- MATERIAL PROVIDED:
-- Opening Marker --

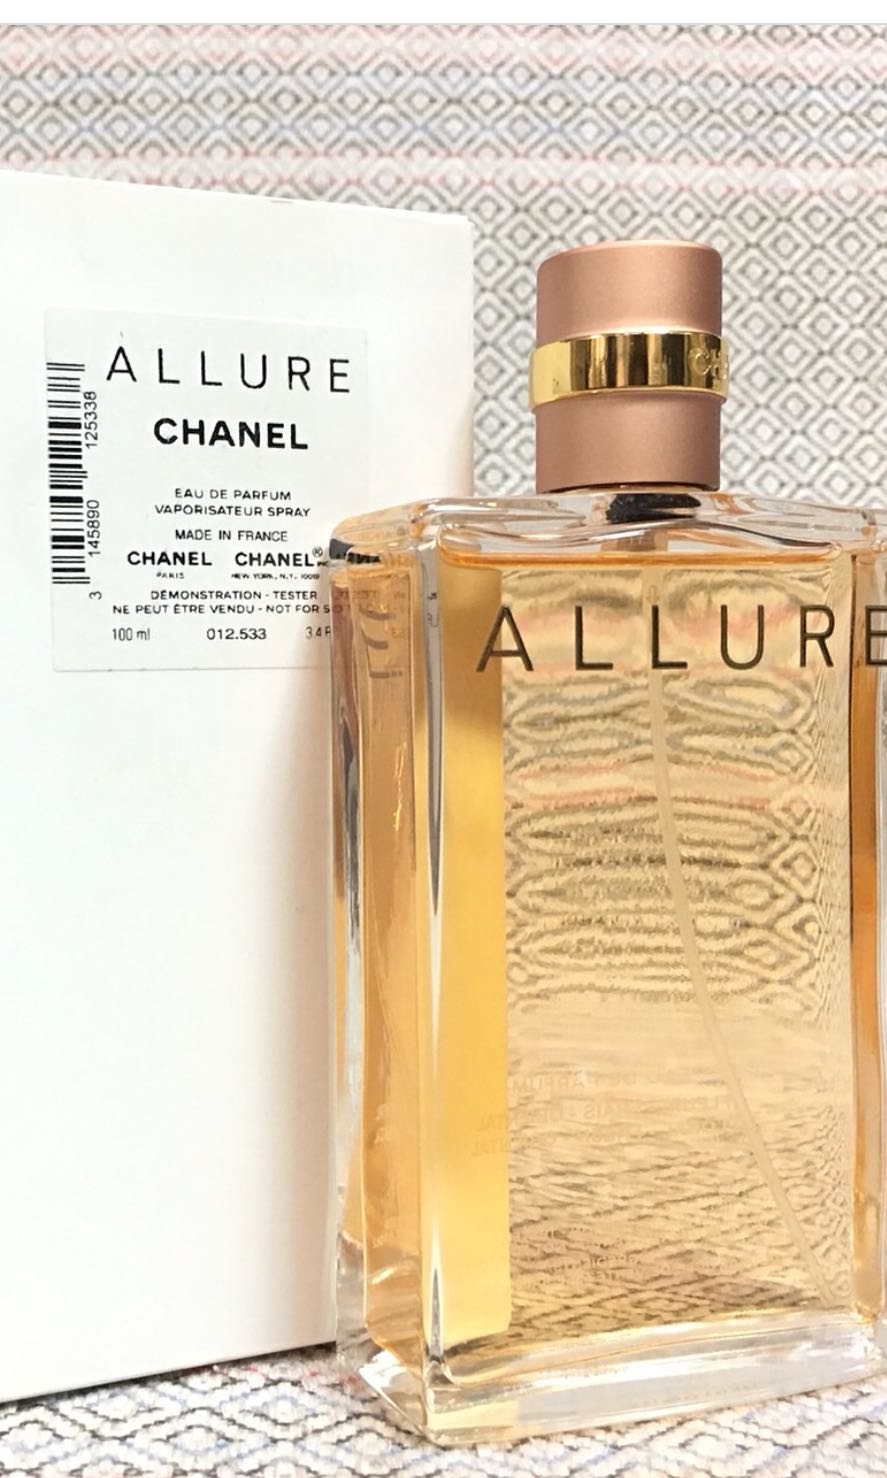 Chanel Allure Sensuelle - Eau de Parfum (tester without cap)
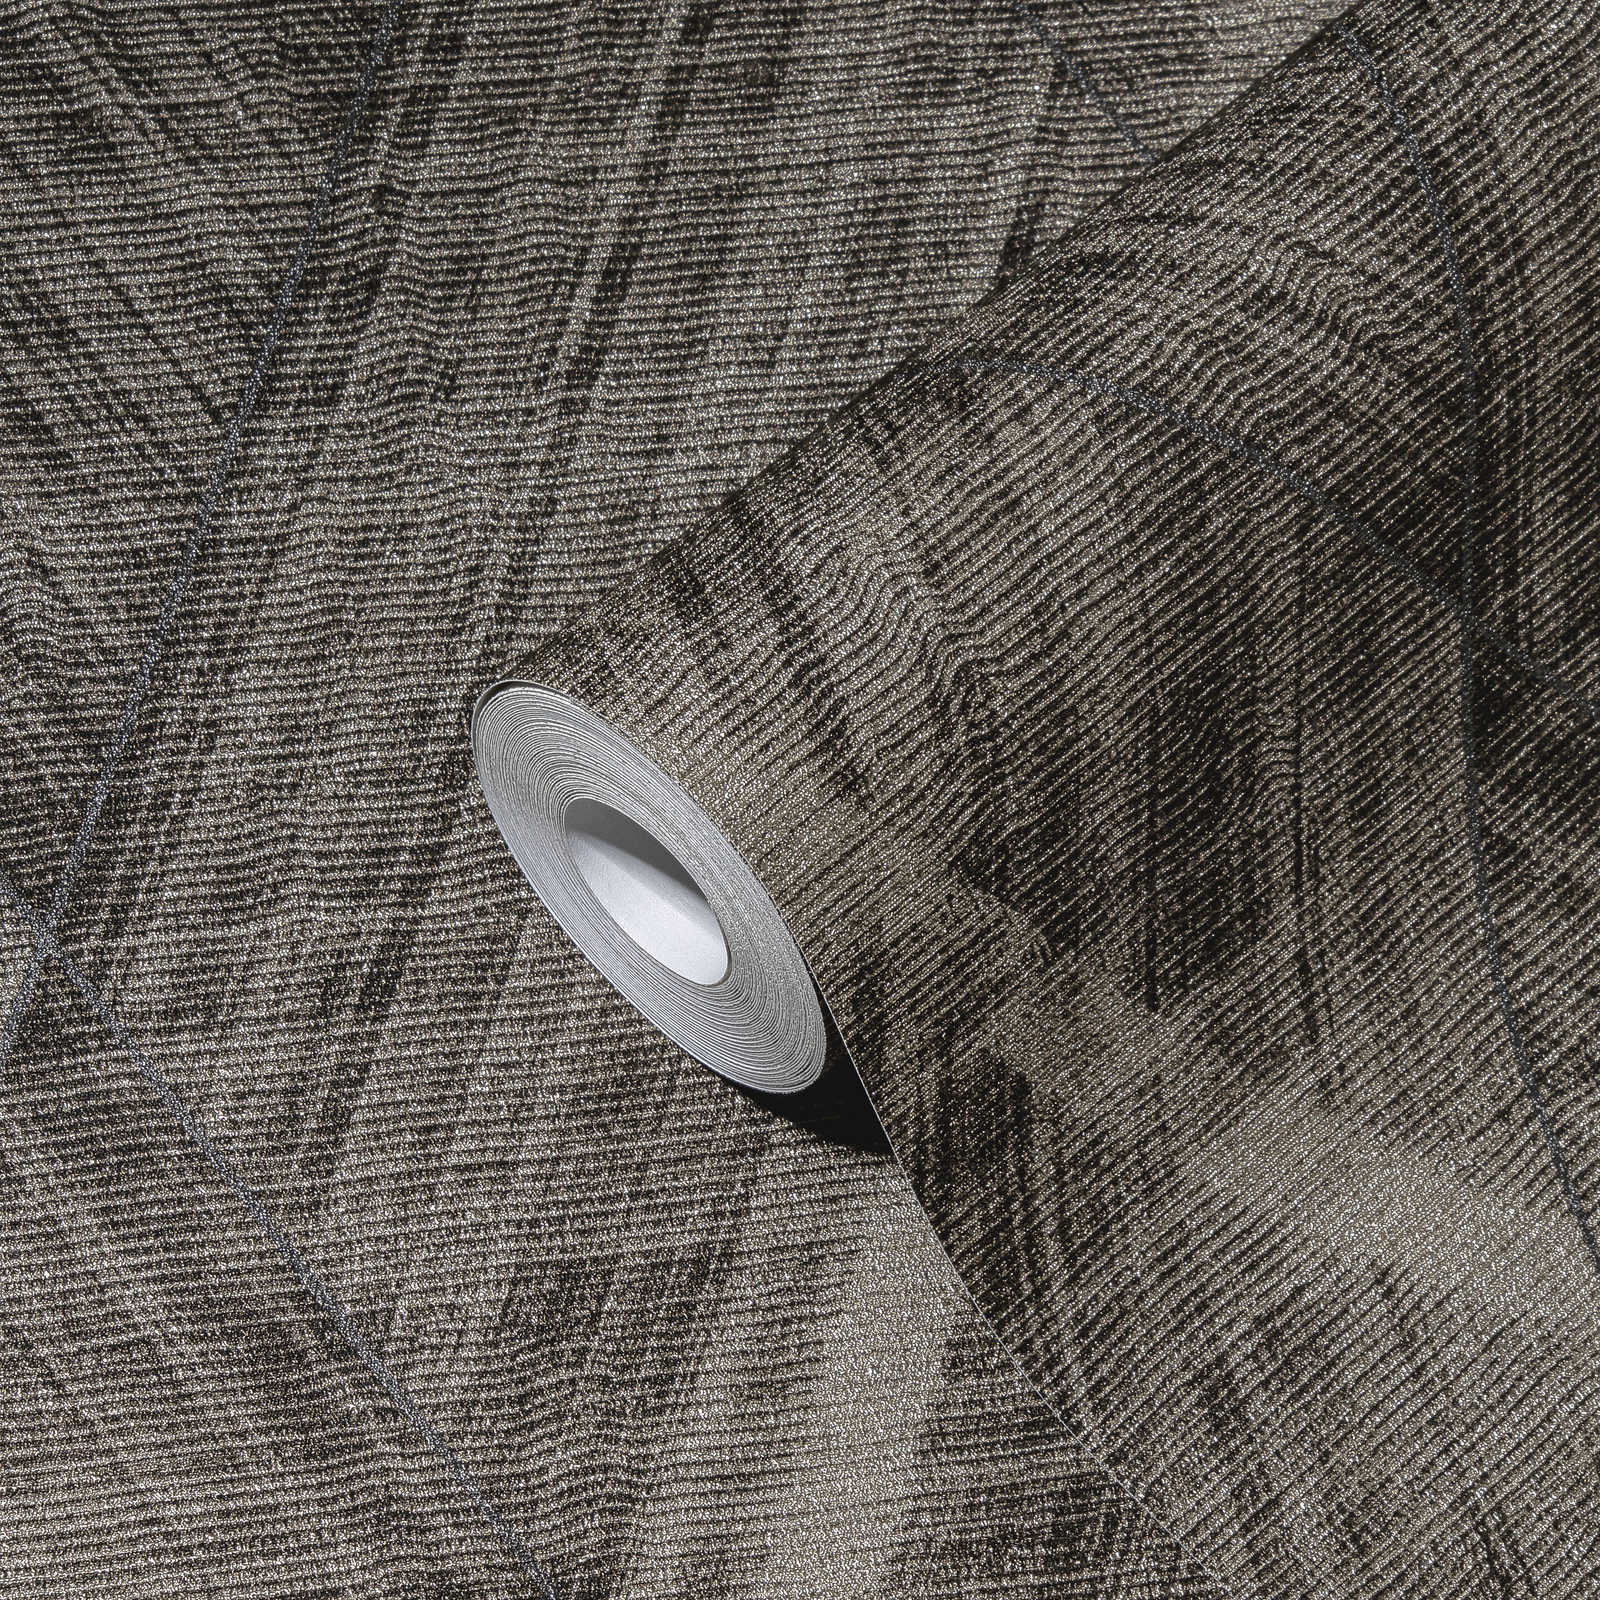             Textielachtig behangpapier met ruitmotief - metallic, grijs
        
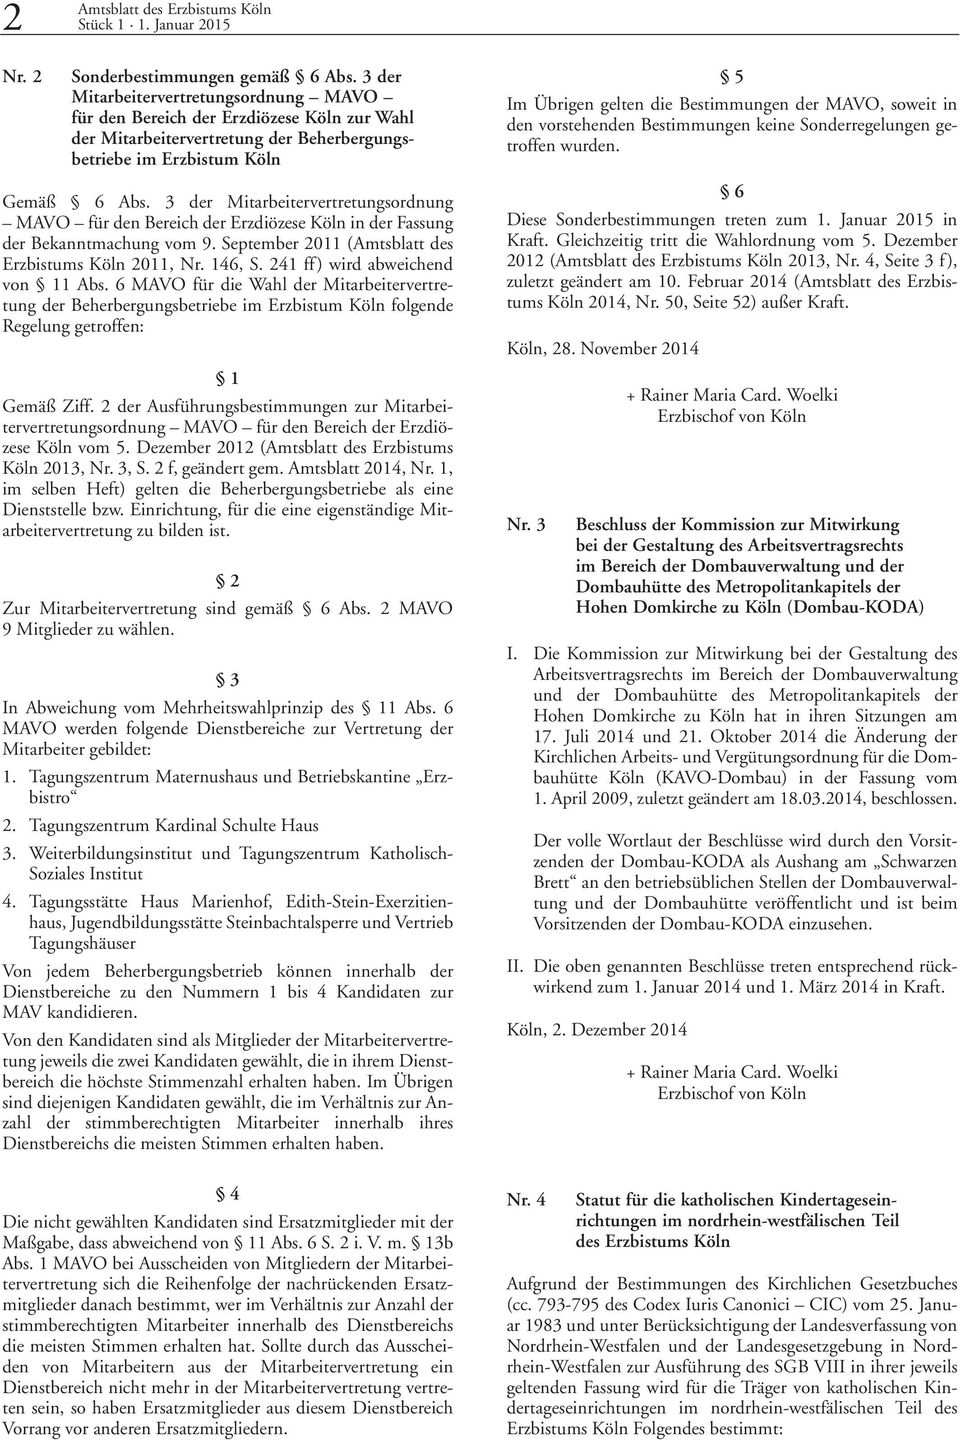 3 der Mitarbeitervertretungsordnung MAVO für den Bereich der Erzdiözese Köln in der Fassung der Bekanntmachung vom 9. September 2011 (Amtsblatt des Erzbistums Köln 2011, Nr. 146, S.
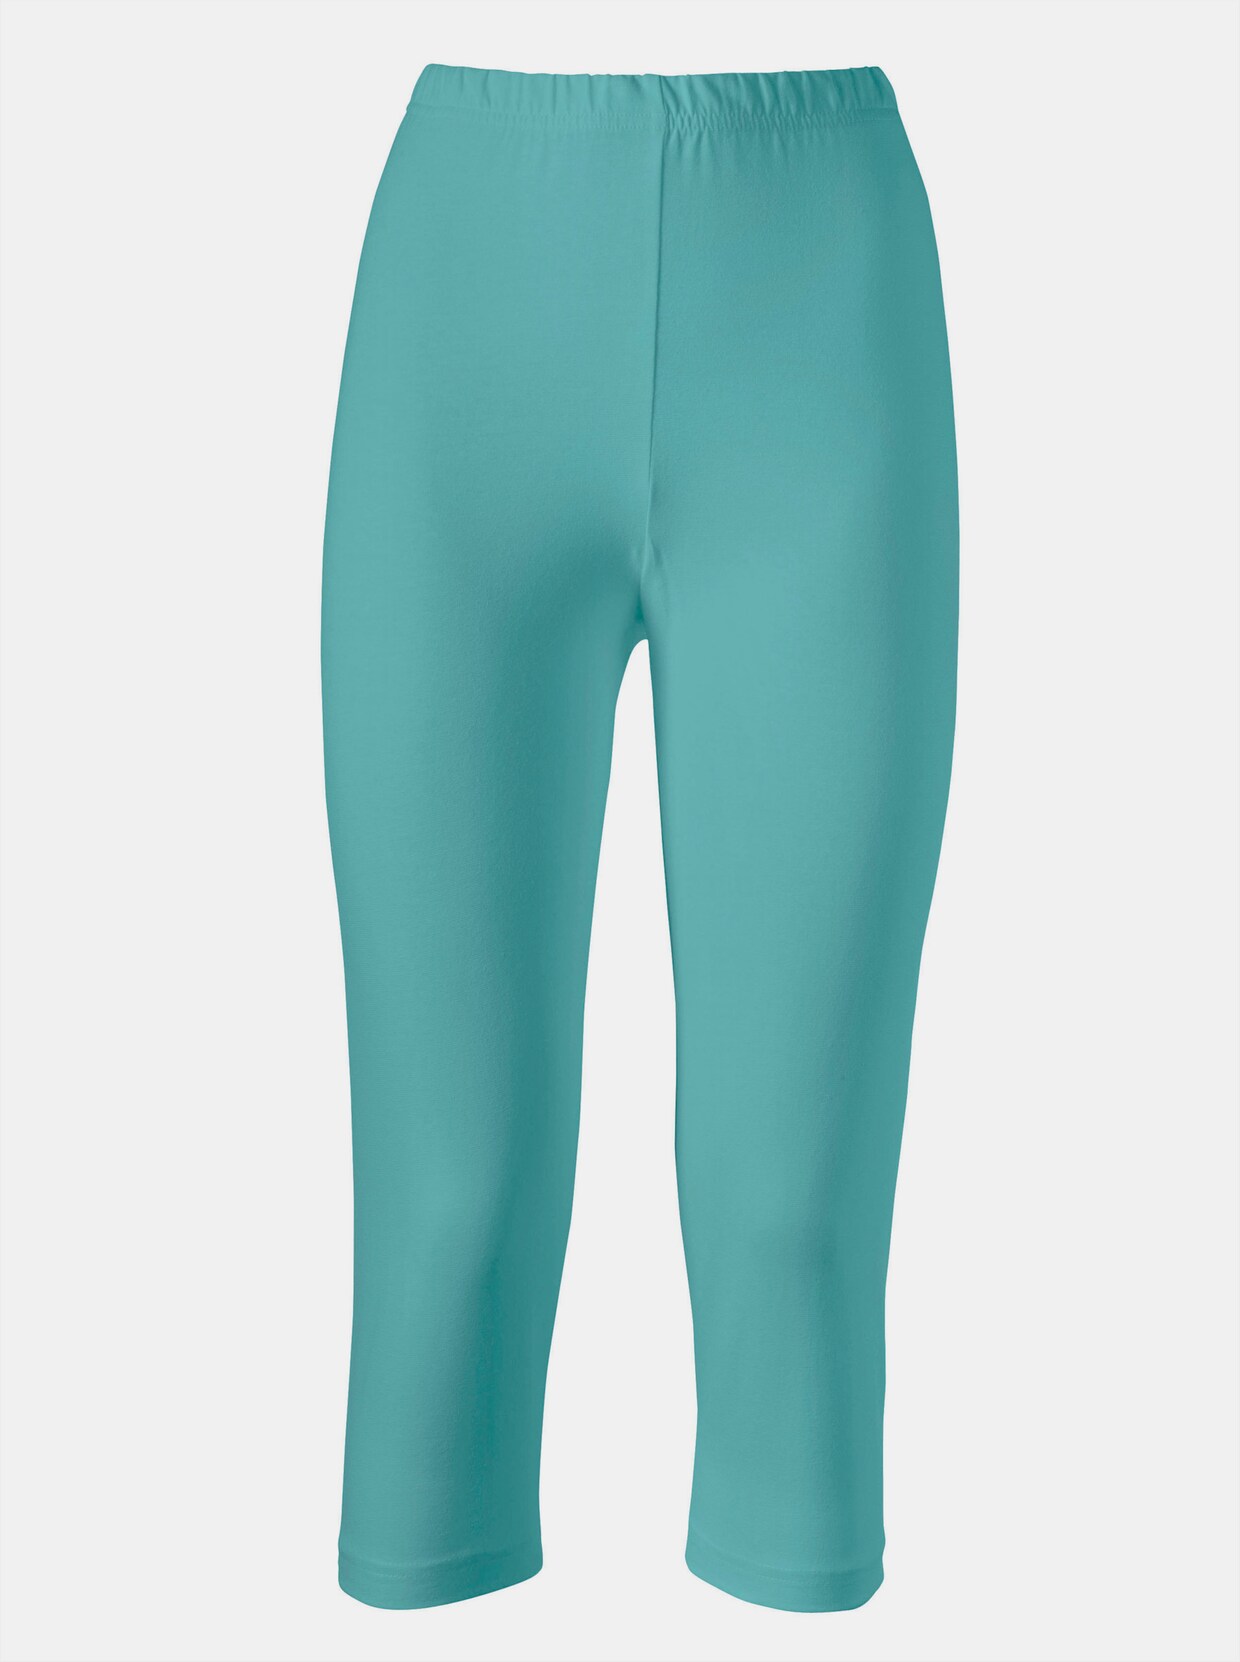 Capri-legging - turquoise

-- Closing Marker --

- WHAT YOU ARE ASKED TO DO:
Repeat the line that contains "3 der Mitarbeitervertretungsordnung" and each line after it, through the last line of the listing, exactly and alone; pictures stay out of the repeat.

- SOLUTION BELOW:
 3 der Mitarbeitervertretungsordnung MAVO für den Bereich der Erzdiözese Köln in der Fassung der Bekanntmachung vom 9. September 2011 (Amtsblatt des Erzbistums Köln 2011, Nr. 146, S.
 Capri-legging - turquoise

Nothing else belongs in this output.